The significance of mortality variability for policy and research

The United States performs poorly in measures of longevity relative to its high-income peer nations. We build upon this well-documented finding by showing that the United States has a disproportionate number of deaths concentrated in early life for both males and females relative to 16 peer OECD nations. The higher level of mortality variation within the United States has the potential to create social, behavioral, and psychological uncertainty among its residents, especially disadvantaged subpopulations, thereby adversely impacting quality of life (see Aburto et al., 2020). For policy to improve mortality outcomes, decrease lifespan variability, and diminish inequalities by sex and across other sociodemographic groups, interventions in the United States should seek to:

  • prevent accidents in early life;
  • improve access and quality of pre- and post-natal care;
  • mitigate risk factors specific to male early life mortality;
  • reduce social and economic inequalities that are strongly related to American early life mortality by race/ethnicity, socioeconomic status, and family structure (Braudt et al. 2019; Fishman et al. 2020; Rogers et al. 2017; Rogers et al. 2020a).

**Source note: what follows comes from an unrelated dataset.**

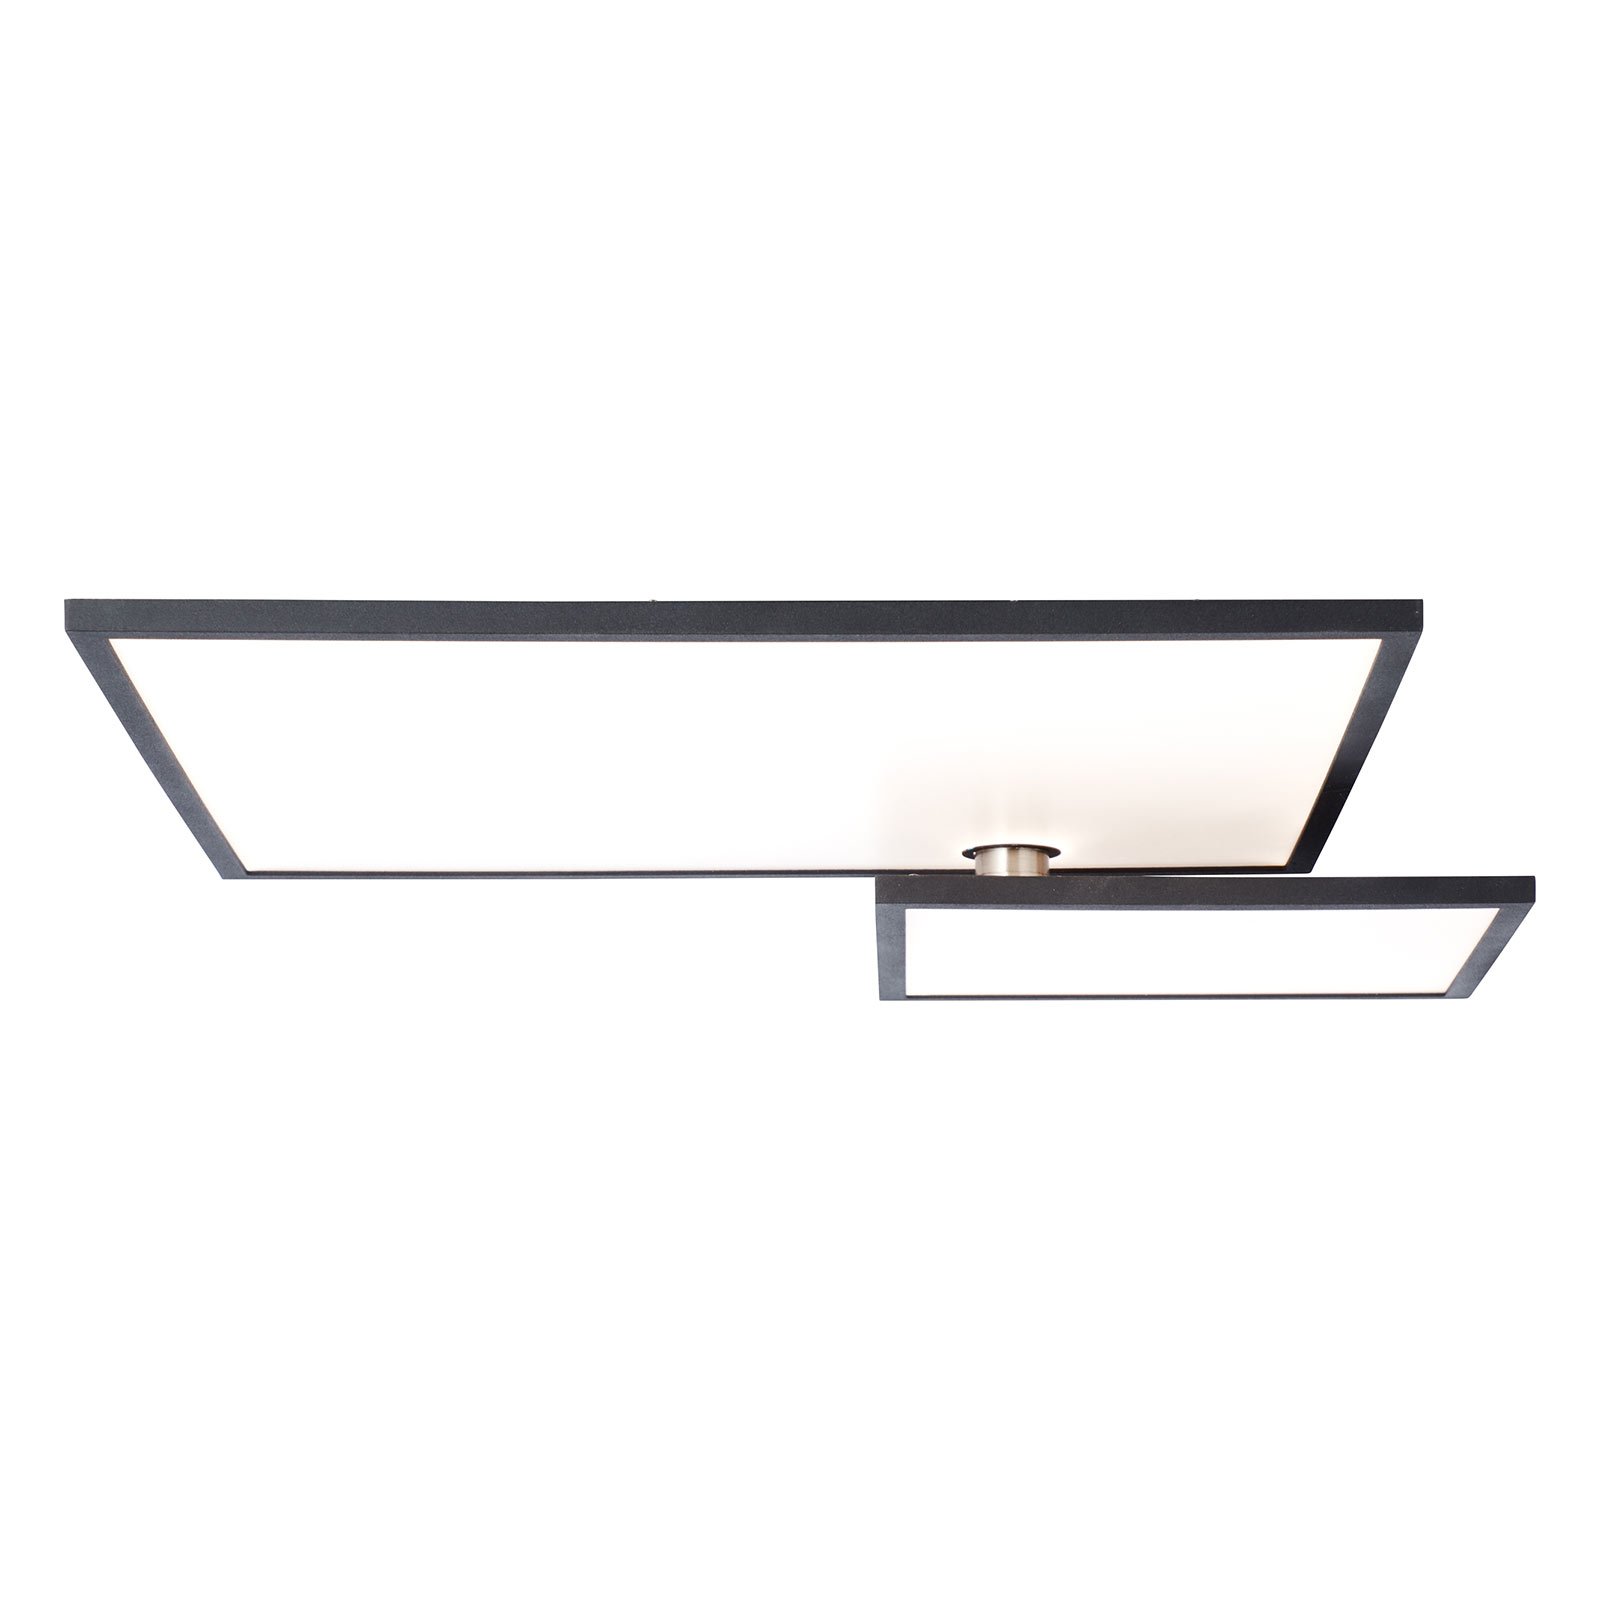 LED plafondlamp Bility, rechthoekig, zwart frame

Targeted interventions focused on males and on reducing social and economic inequalities in early life may also help to reduce life span inequalities by sex, socioeconomic status, and race/ethnicity. A clear and compassionate way to close the life expectancy and mortality variability gaps between the United States and other high-income countries would be for the United States to substantially reduce early life mortality, especially among its most vulnerable populations.

COVID-19 is undoubtedly raising age-specific mortality rates and reducing life expectancy in the United States; it is also exerting great strains on health infrastructure and the economy. With the possibility of rising mortality in the older segments of the population, a decreasing upper bound of the ICR may reduce mortality variability without improving the lower bound. It is essential that life expectancy and multiple measures of mortality variability continue to be monitored in the context of the global COVID-19 pandemic.

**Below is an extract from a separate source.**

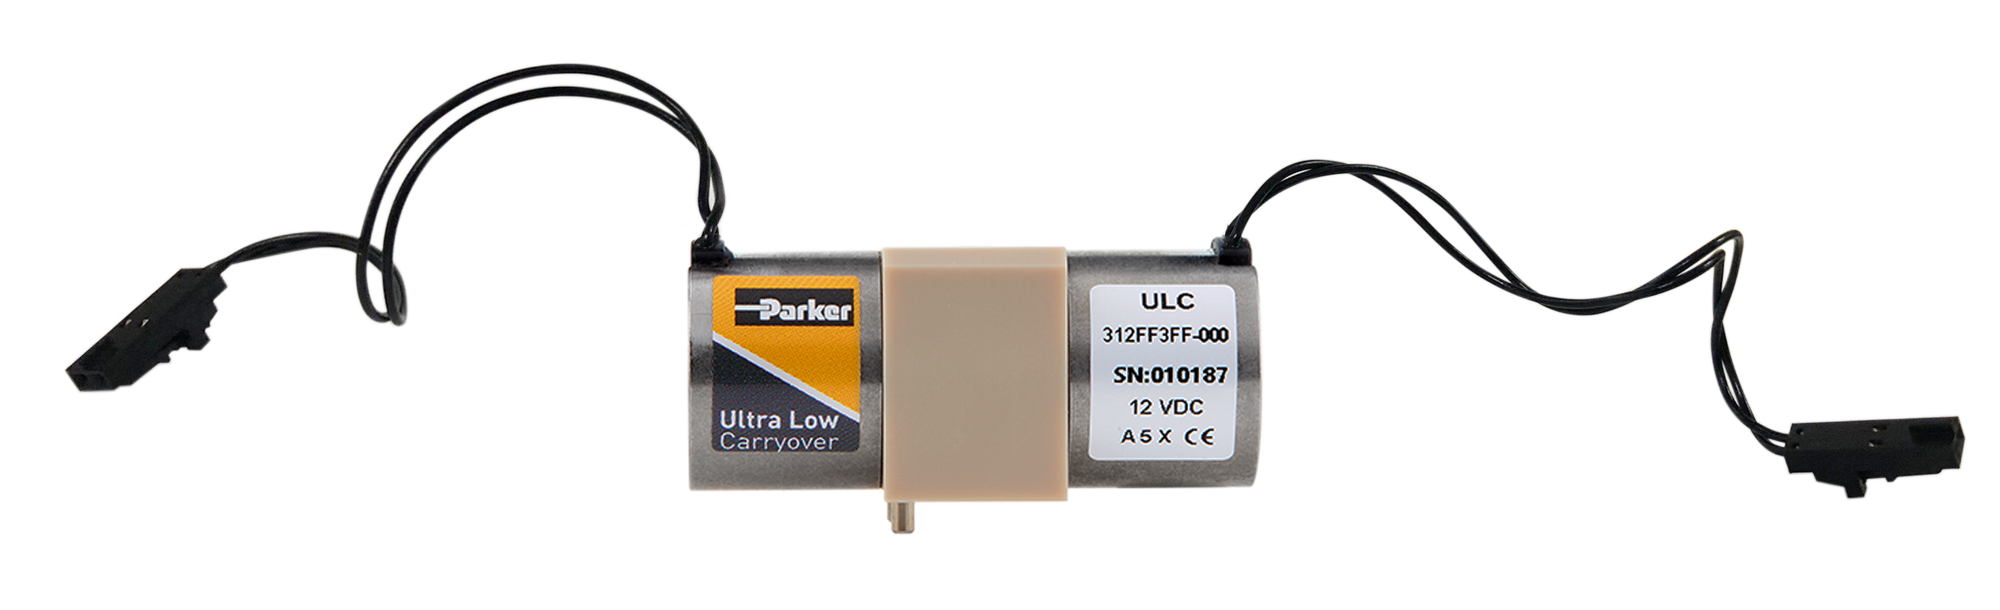 Parker Precision Fluidics Ultra Low Carryover Valve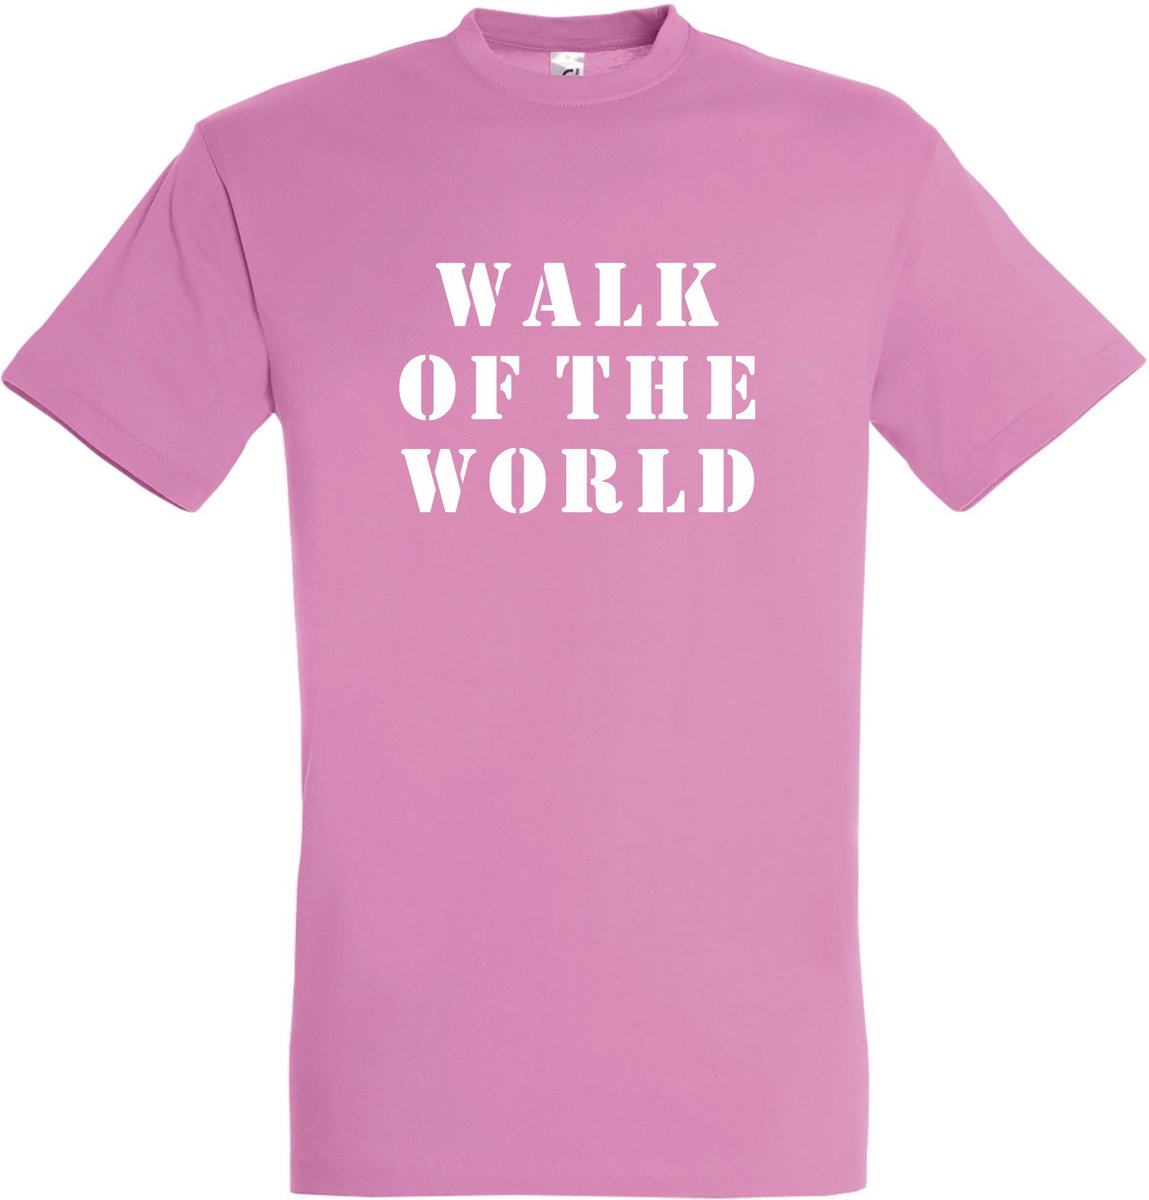 T-shirt Walk of the world |Wandelvierdaagse | vierdaagse Nijmegen | Roze woensdag | Roze | maat M

Aburto, J. M., Floridi, G., & Fegitz, E. (2020). On the (changing) relationship between life expectancy and lifespan inequality. N-IUSSP.

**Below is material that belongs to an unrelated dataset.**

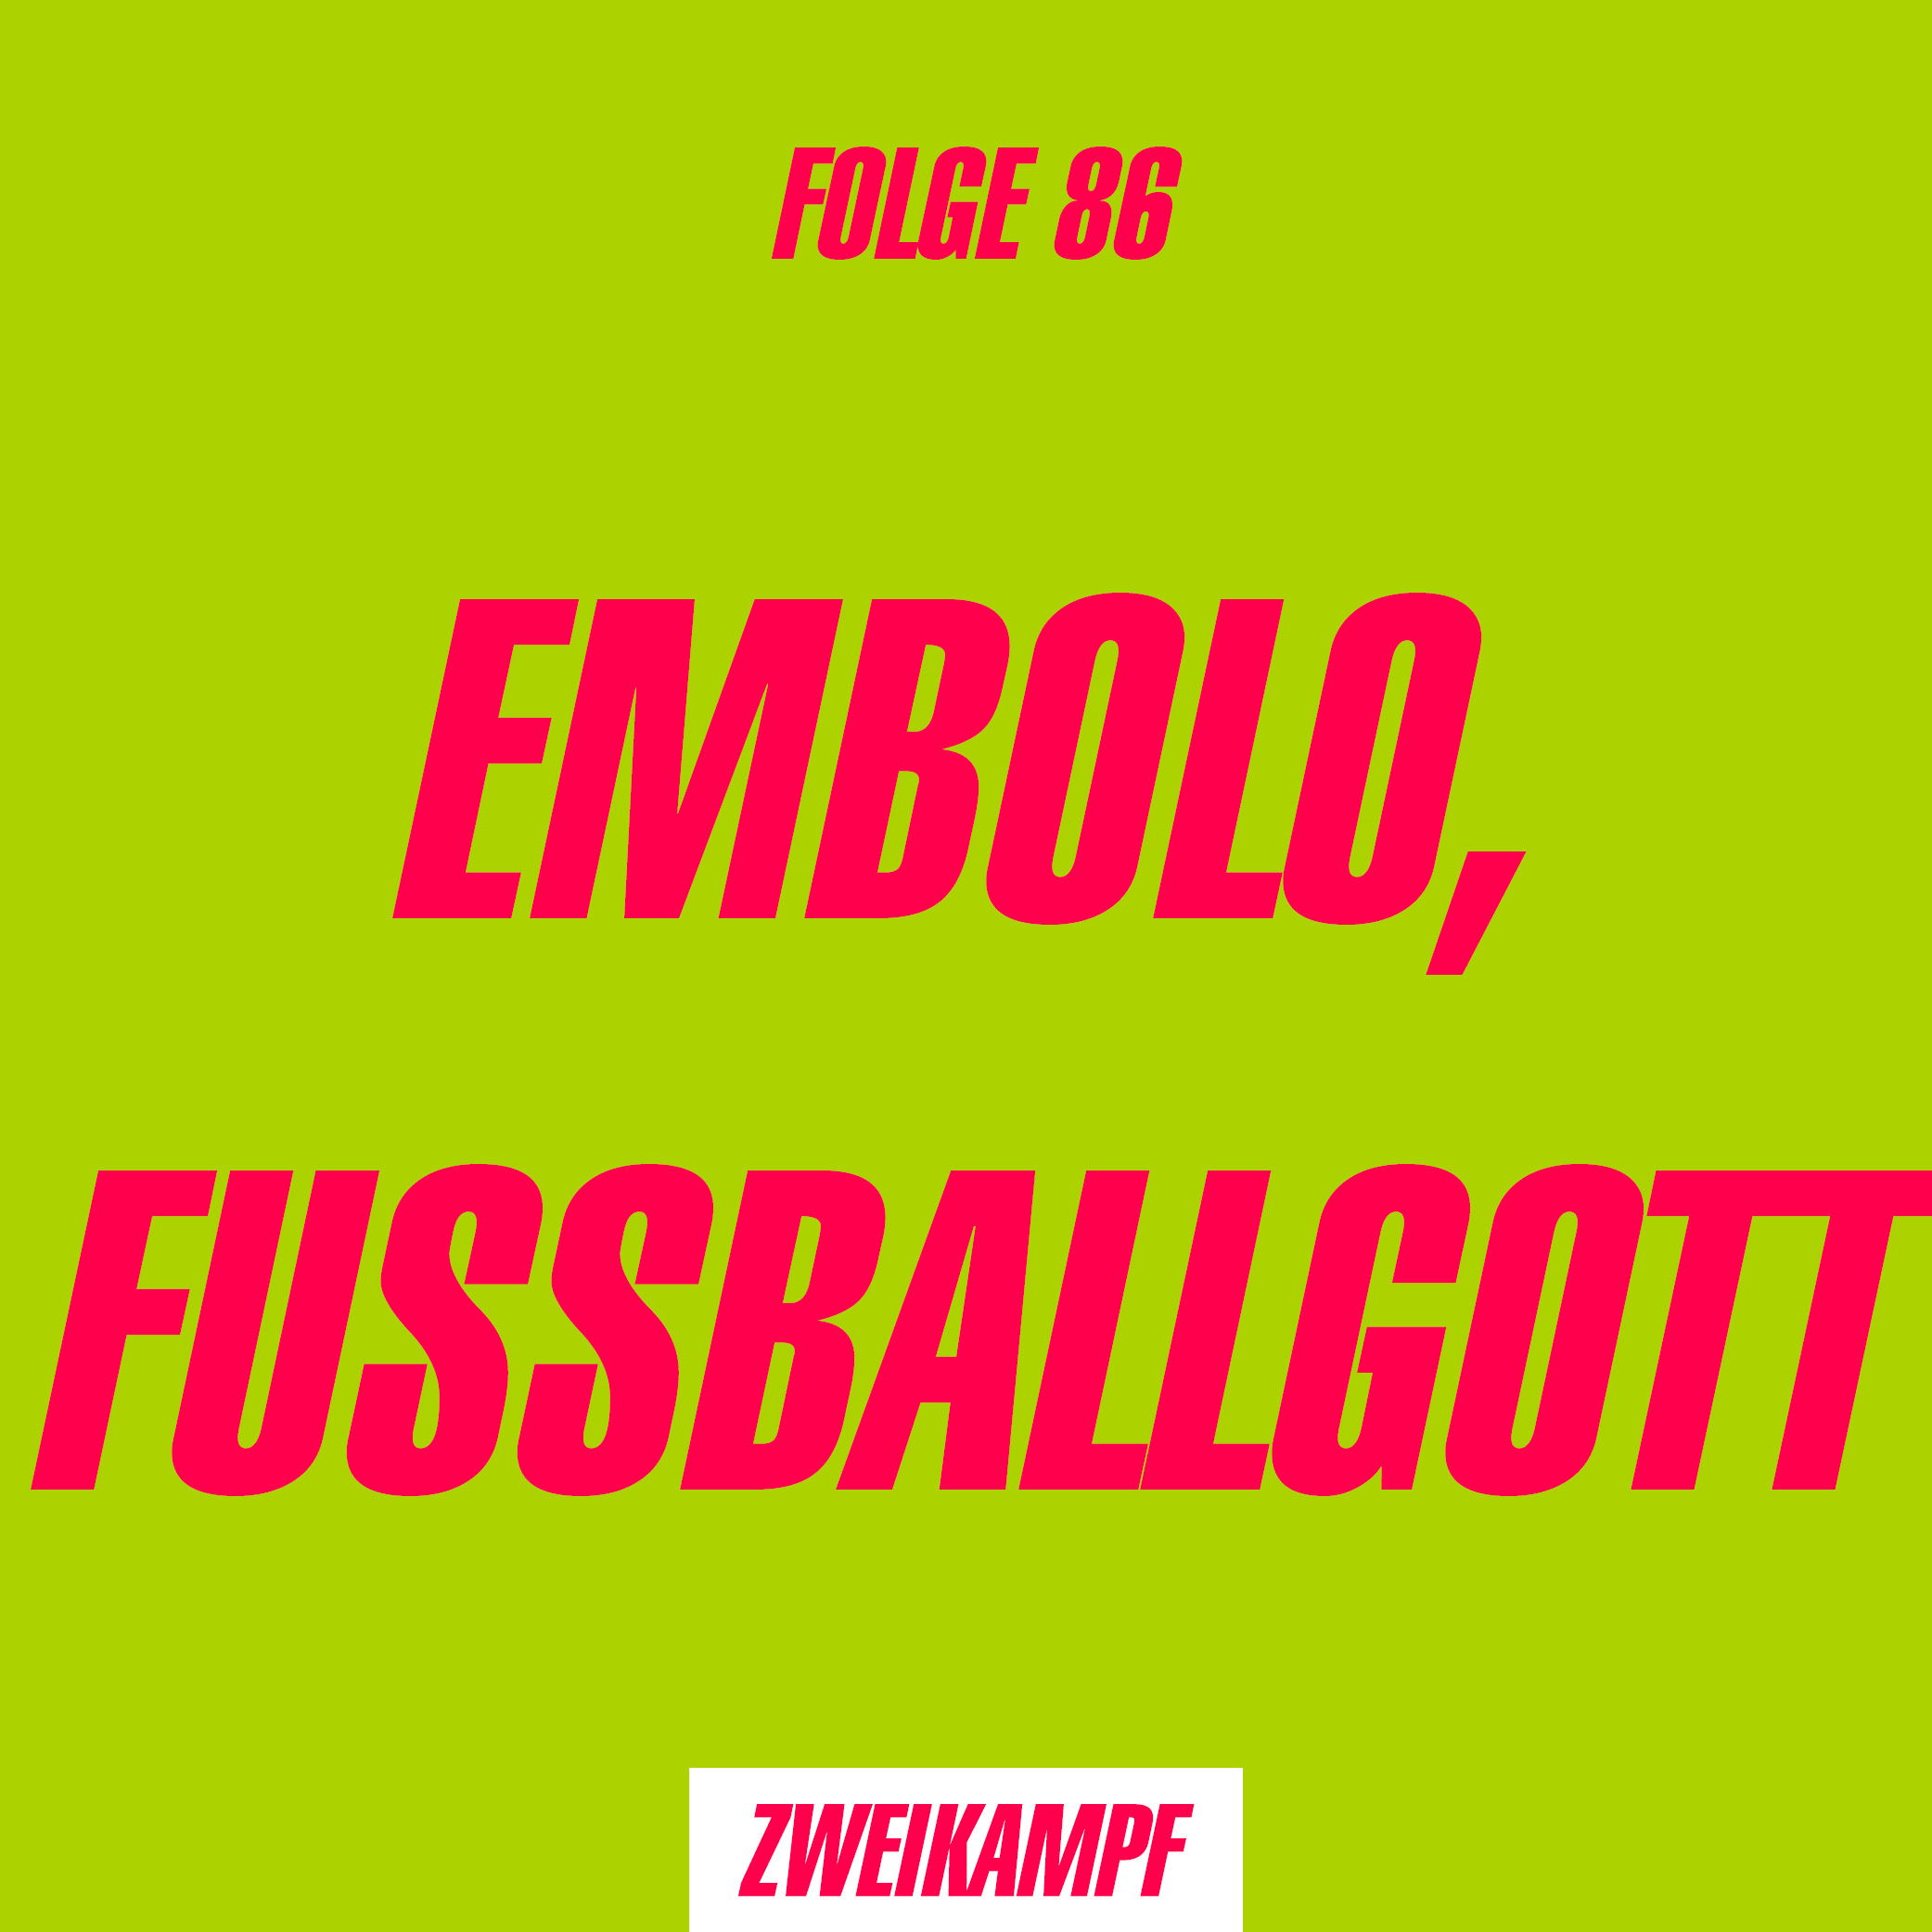 Folge 86: Embolo, Fussballgott

Avendano, M., & Kawachi, I. (2014). Why do Americans have shorter life expectancy and worse health than do people in other high-income countries? Annual Review of Public Health, 35: 307–325. doi:10.1146/annurev-publhealth-032013-182411.

Braudt, D.B., Lawrence, E.M., Tilstra, A.M., Rogers, R.G., & Hummer, R.A. (2019). Family socioeconomic status and early life mortality risk in the United States. Maternal and Child Health Journal, 23(10), 1382-1391.

Fishman, S.H., Hummer, R.A., Powers, D.A., Sierra, G., Hargrove, T.W., & Rogers, R.G. (2020). Race/Ethnicity, maternal educational attainment, and infant mortality in the United States. Biodemography and Social Biology (forthcoming).

Rogers, R.G., Hummer, R.A., Tilstra, A.M., Lawrence, E.M., & Mollborn, S. (2020a). Family structure and early life mortality in the United States. Journal of Marriage and the Family, 82(4), 1159-1177.

Rogers, R. G., Hummer, R. A., Vinneau, J. M., & Lawrence, E. M. (2020b). Greater mortality variability in the United States in comparison with peer countries. Demographic Research, 42(36), 1039-1056. doi: 10.4054/DemRes.2020.42.36

Rogers, R.G., Lawrence, E., Hummer, R.A., & Tilstra, A. (2017). Racial/Ethnic differences in early life mortality in the United States. Biodemography and Social Biology, 63(3), 189-205.

van Raalte, A. A., Sasson, I., & Martikainen, P. (2018). The case for monitoring lifespan inequality. Science, 362(6418): 1002–1004. doi:10.1126/science.aau5811.

Wilmoth, J. R., & Horiuchi, S. (1999). Rectangularization revisited: Variability of age at death within human populations. Demography, 36(4): 475–495. doi:10.2307/2648085.